## Task instructions
Leaving out the images, repeat all the lines below exactly.

## Extracted material
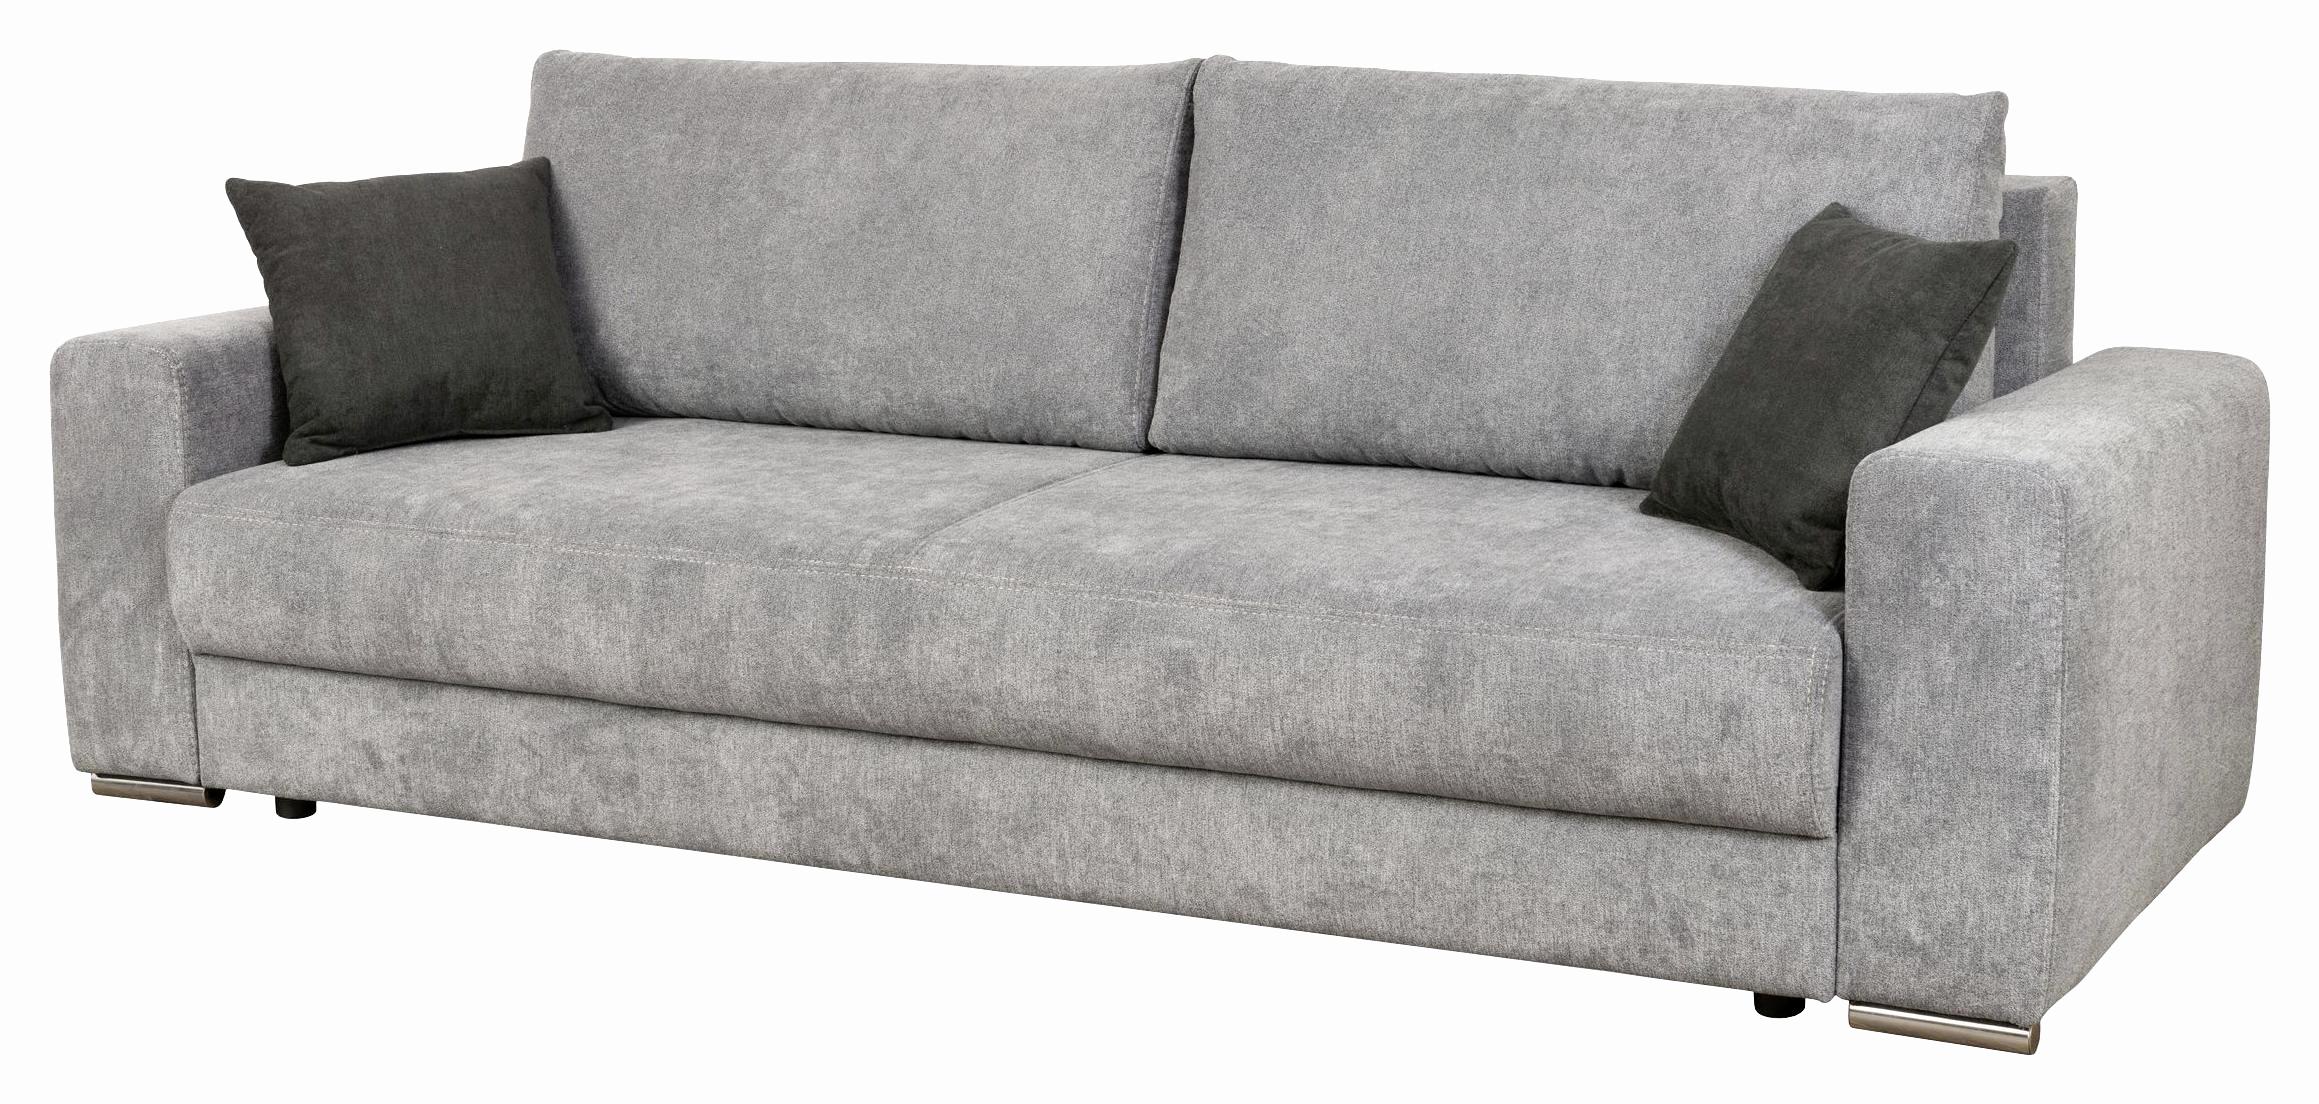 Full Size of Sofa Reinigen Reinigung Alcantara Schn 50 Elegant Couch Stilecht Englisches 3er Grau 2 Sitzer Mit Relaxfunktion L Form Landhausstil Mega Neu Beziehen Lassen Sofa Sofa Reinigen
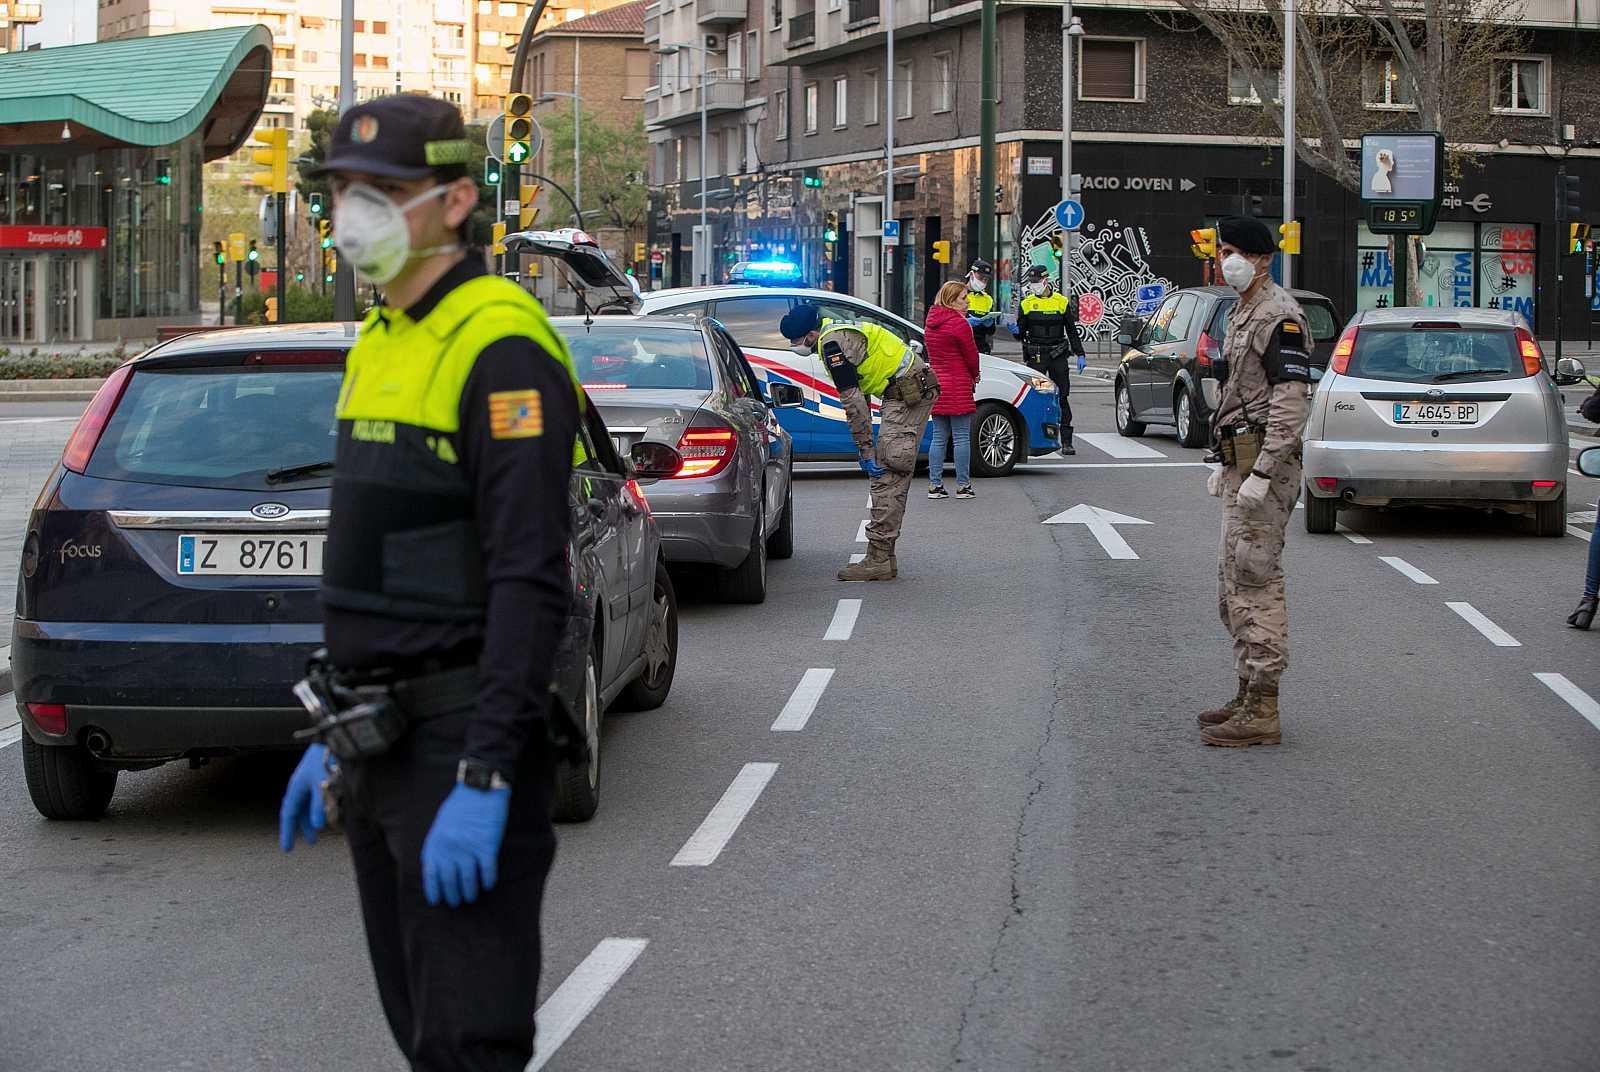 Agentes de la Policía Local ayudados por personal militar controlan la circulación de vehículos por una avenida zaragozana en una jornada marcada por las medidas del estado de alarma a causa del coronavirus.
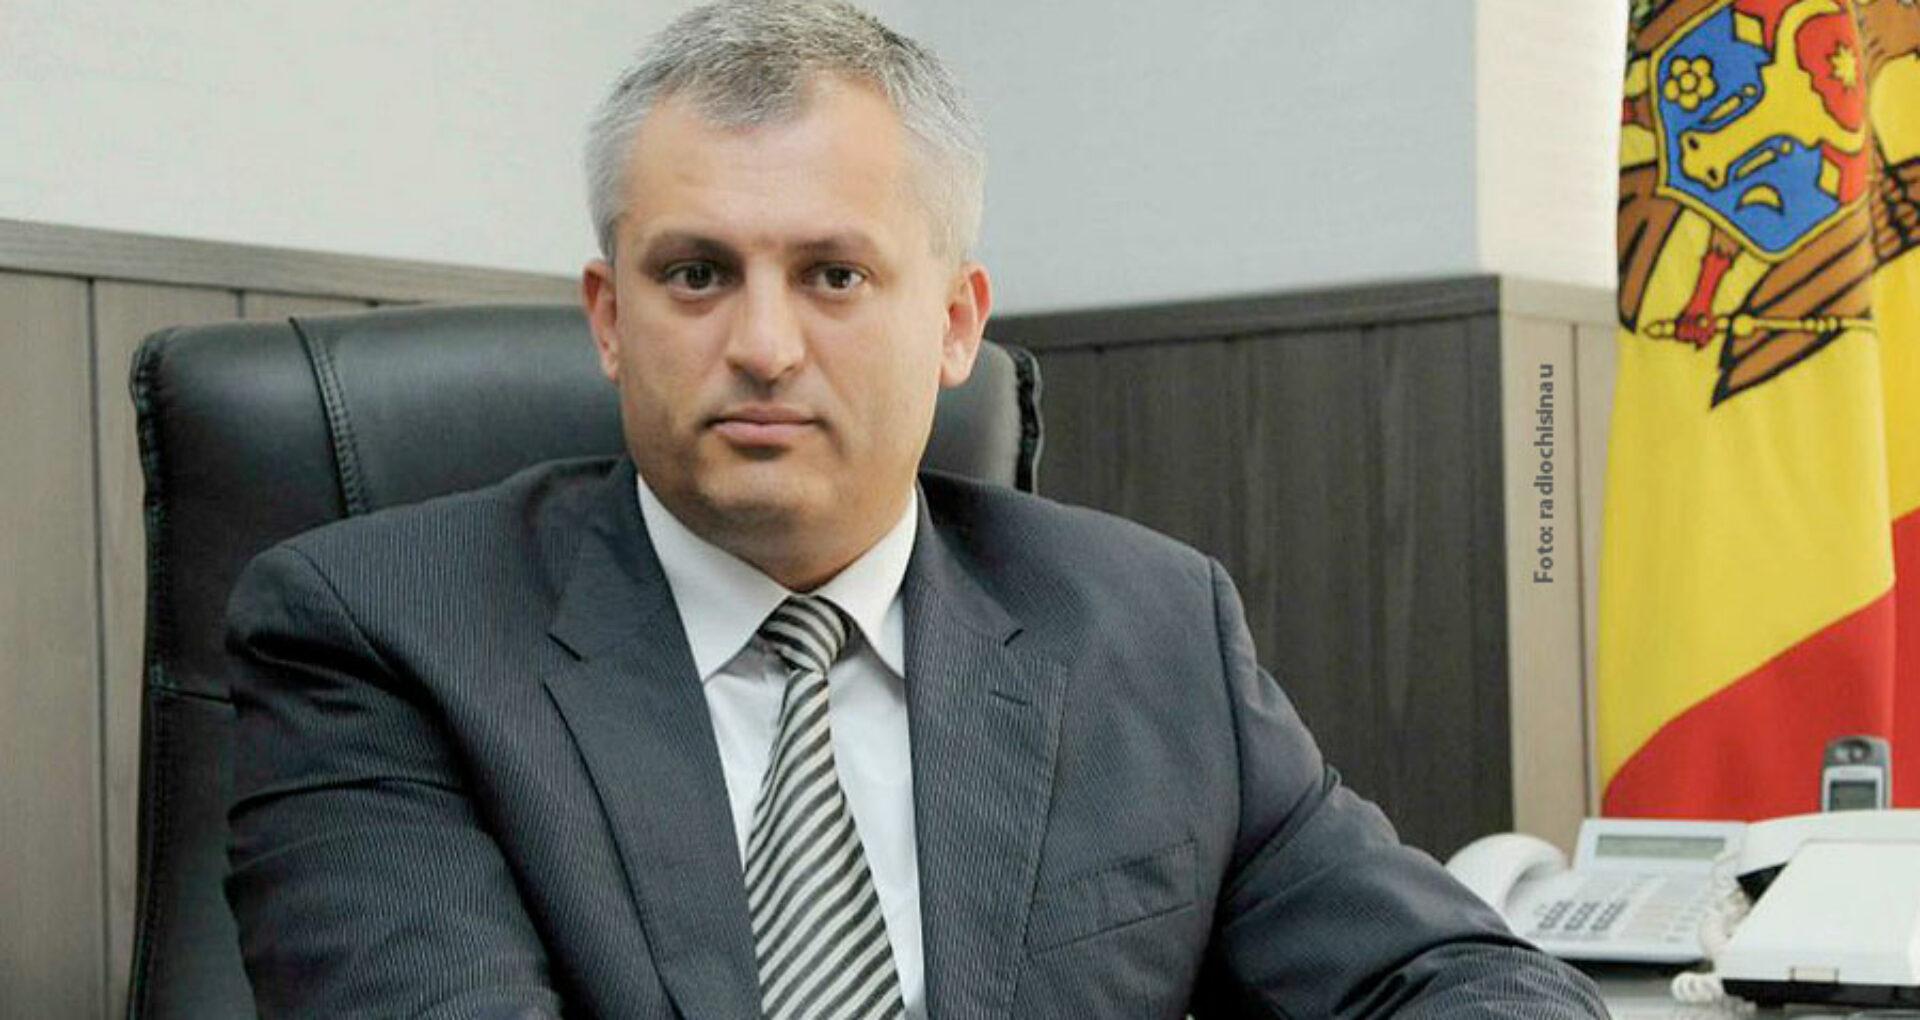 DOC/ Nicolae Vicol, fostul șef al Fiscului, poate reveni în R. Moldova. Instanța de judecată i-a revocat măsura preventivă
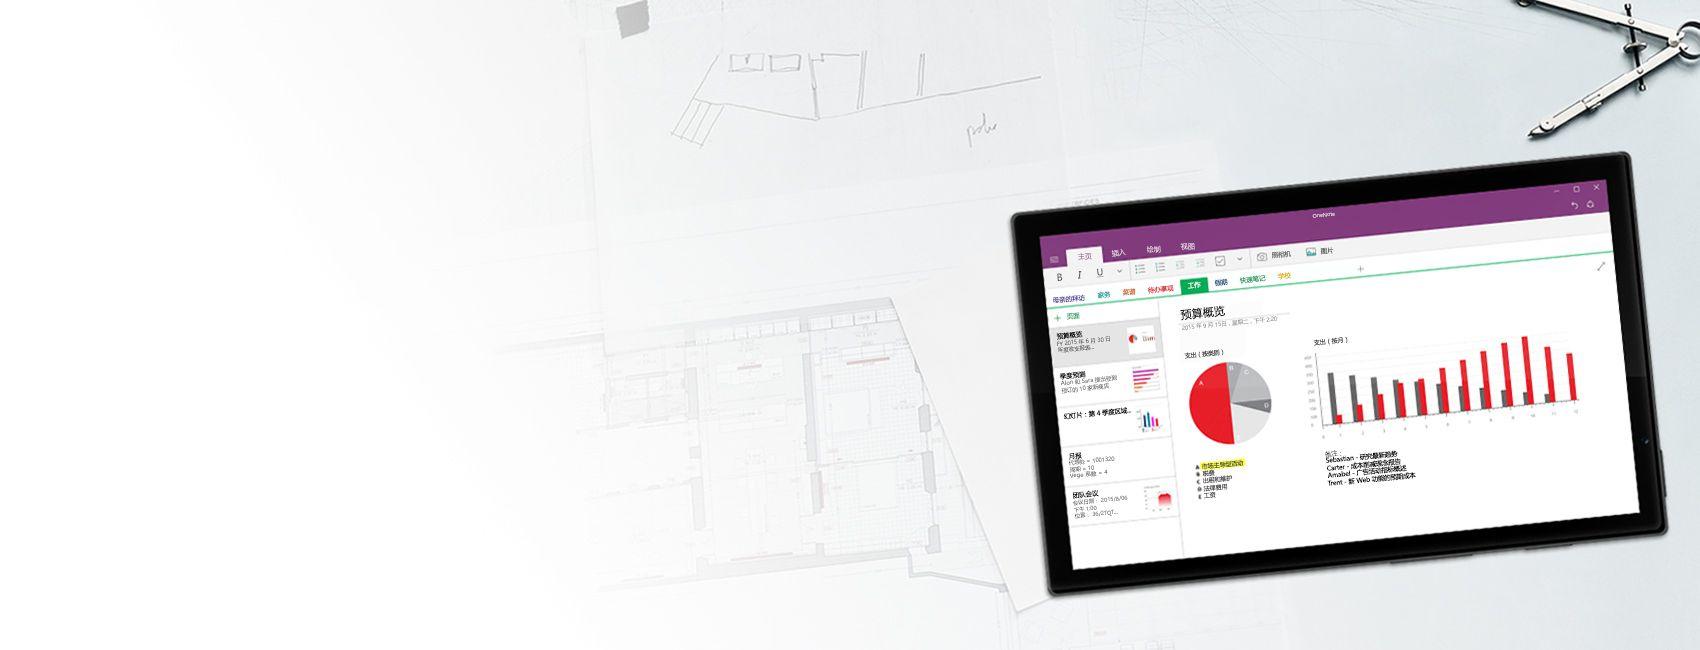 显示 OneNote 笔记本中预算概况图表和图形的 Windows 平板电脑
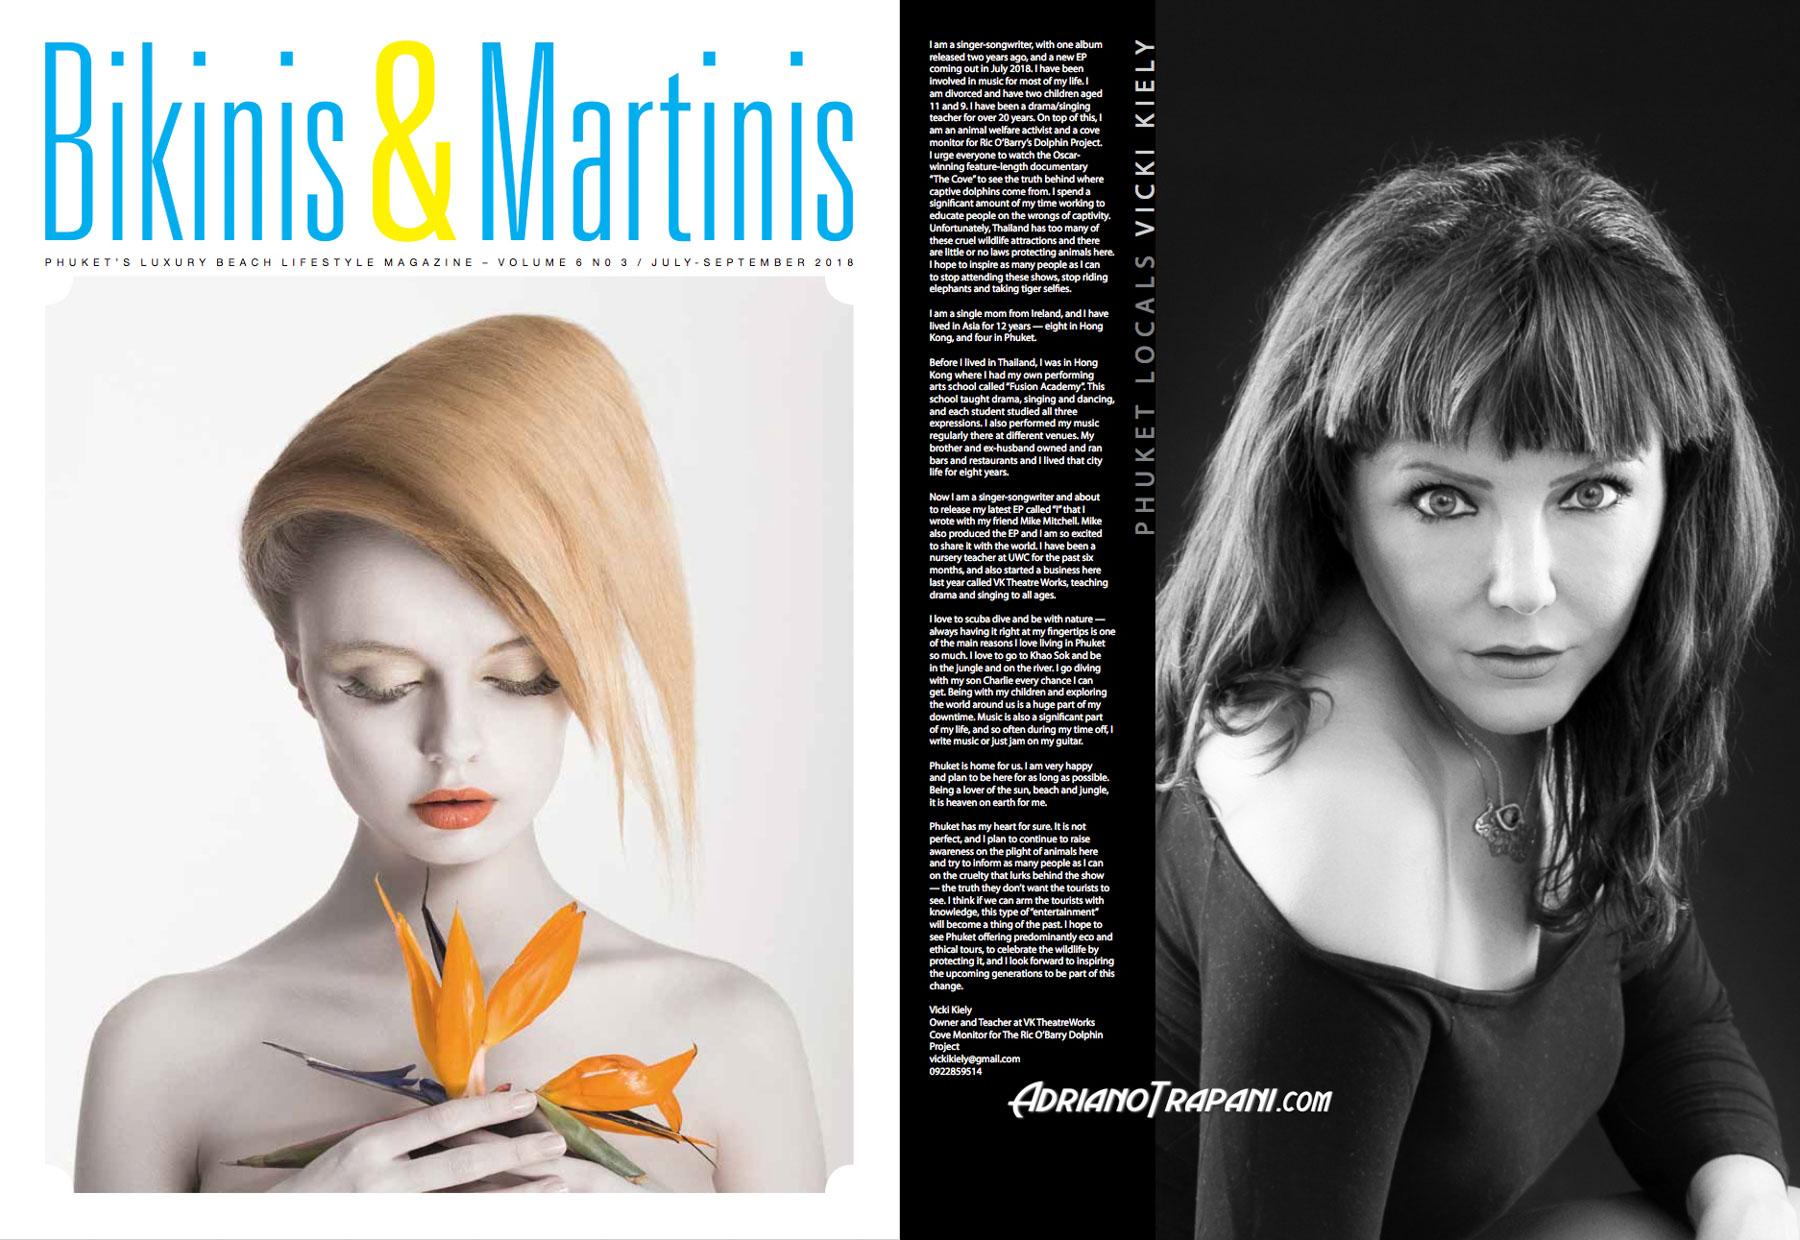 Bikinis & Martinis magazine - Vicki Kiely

## Task response
 Full Size of Sofa Reinigen Reinigung Alcantara Schn 50 Elegant Couch Stilecht Englisches 3er Grau 2 Sitzer Mit Relaxfunktion L Form Landhausstil Mega Neu Beziehen Lassen Sofa Sofa Reinigen
 Agentes de la Policía Local ayudados por personal militar controlan la circulación de vehículos por una avenida zaragozana en una jornada marcada por las medidas del estado de alarma a causa del coronavirus.
 DOC/ Nicolae Vicol, fostul șef al Fiscului, poate reveni în R. Moldova. Instanța de judecată i-a revocat măsura preventivă
 显示 OneNote 笔记本中预算概况图表和图形的 Windows 平板电脑
 Bikinis & Martinis magazine - Vicki Kiely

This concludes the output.